Local elections was held in Meycauayan City, Bulacan on May 10, 2010 within the Philippine general election. The voters will elect for the elective local posts in the city: the mayor, vice mayor, and ten councilors.

==Mayoral and vice mayoral election==
Incumbent Mayor Joan Alarilla is running for second term, along with her running mate Rafael Manzano Jr. She faced Salvador Violago Sr. and former mayor Adriano Daez.

==Results==
The candidates for mayor and vice mayor with the highest number of votes wins the seat; they are voted separately, therefore, they may be of different parties when elected.

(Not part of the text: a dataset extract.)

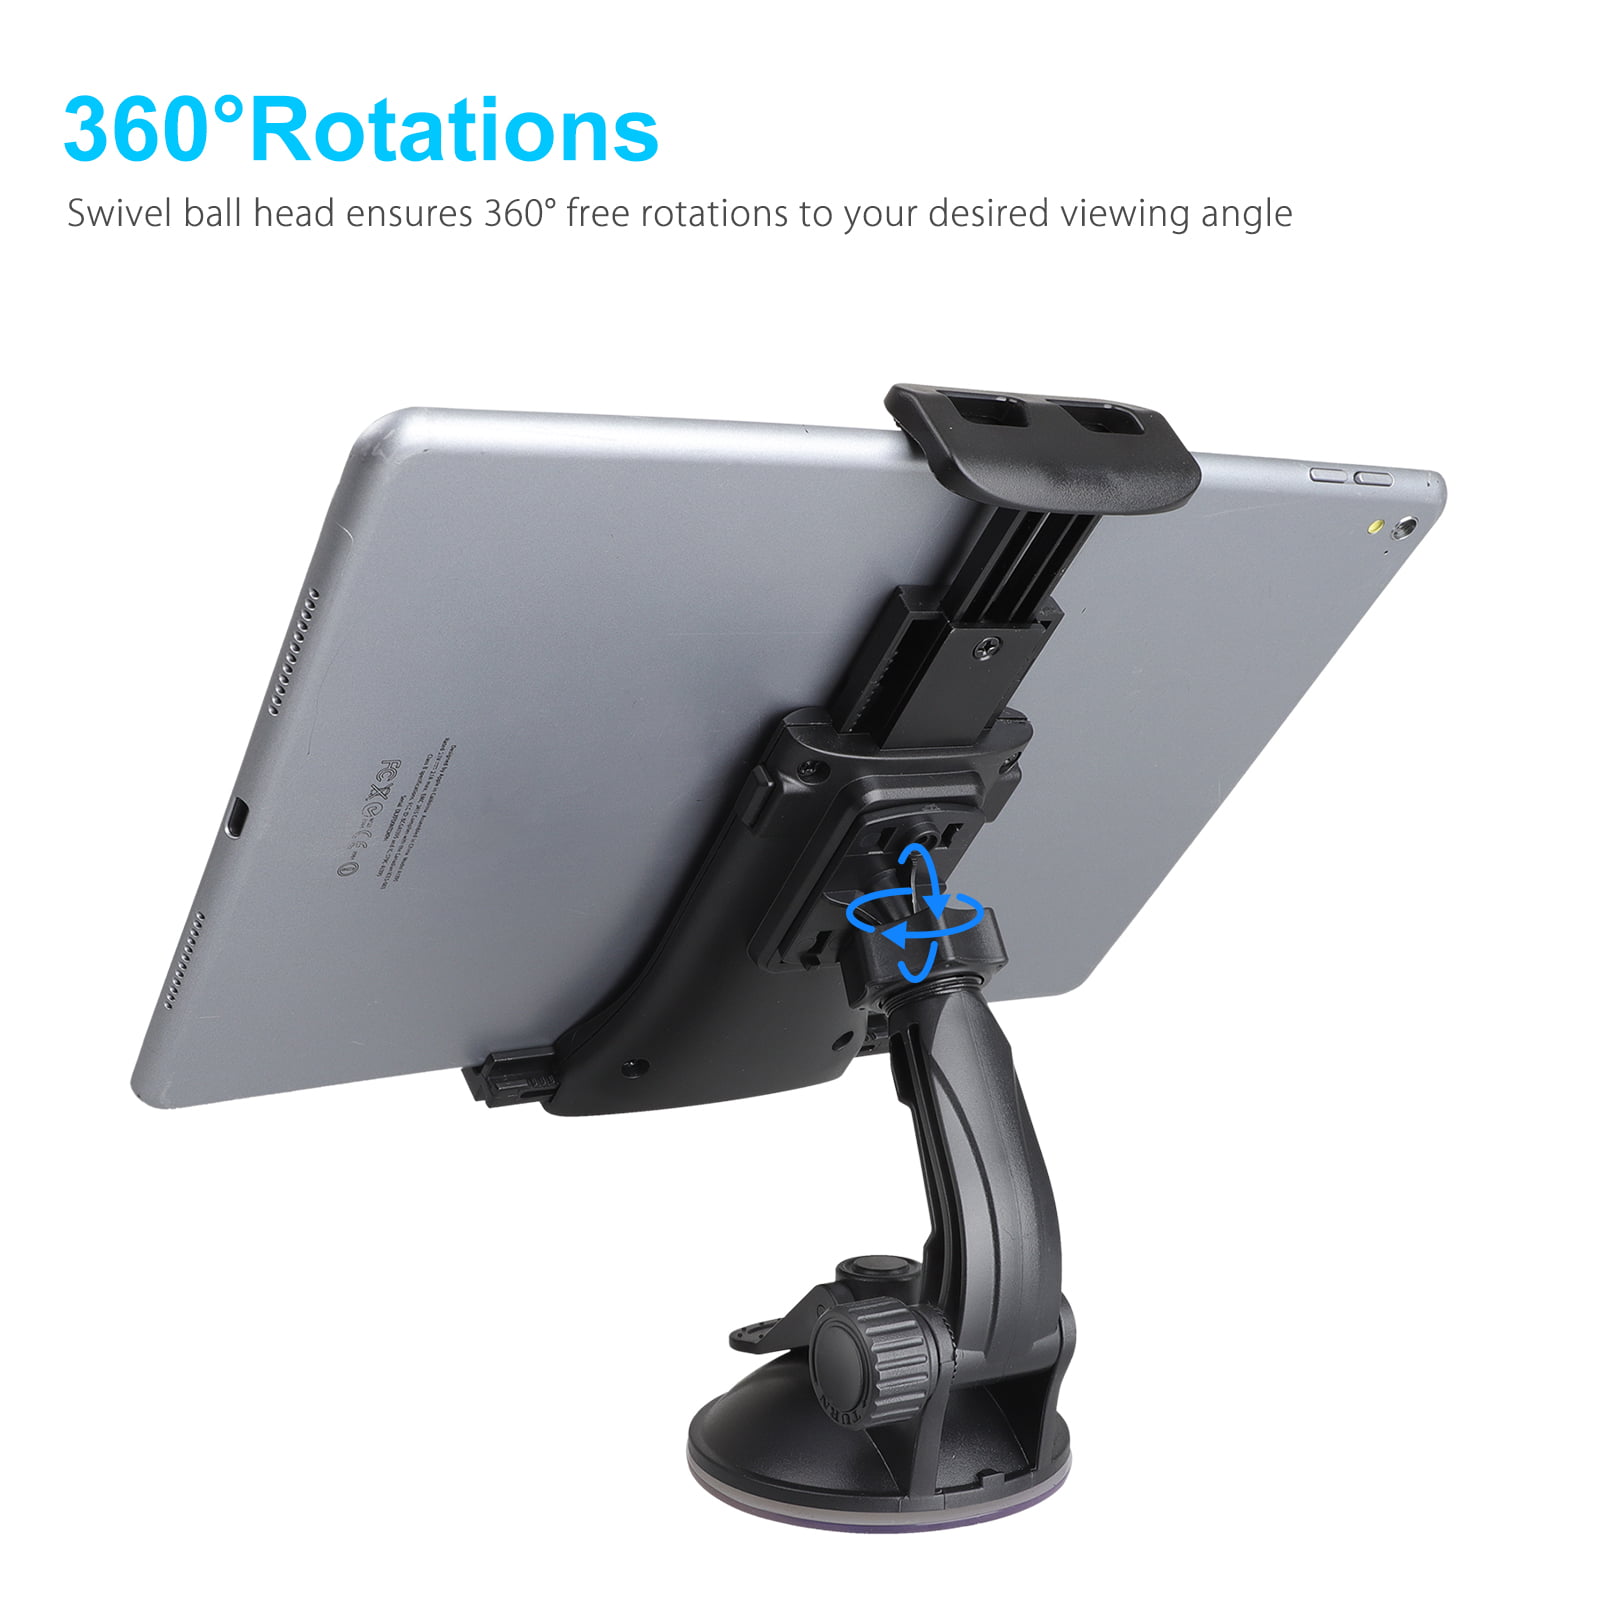 Car Tablet Mount, TSV Tablet Holder for Windshield Dashboard, 360 Rotating  Universal Suction Cup Bracket Fit for iPhone, iPad Mini Air, Samsung Galaxy

===Mayoral & Vice Mayoral Candidates===
List of Candidates as of March 2010

Meycauayan City Mayoral Election
| Party |  | Candidate | Votes | % |
|---|---|---|---|---|
|  | NPC | Joan Alarilla | 43,661 | 54.05 |
|  | Nacionalista | Salvador "Bogs" Violago Sr. | 33,168 | 41.06 |
|  | Liberal | Adriano "Dan" Daez | 3,784 | 4.68 |
|  | Independent | Rosita "Rosy" Perez | 165 | 0.20 |
| Total votes |  |  | 80,778 | 100.00 |
|  | NPC hold |  |  |  |

Notes:
- The Liberal Party are in coalition with the party Aksyon Demokratiko of Sonia Roco.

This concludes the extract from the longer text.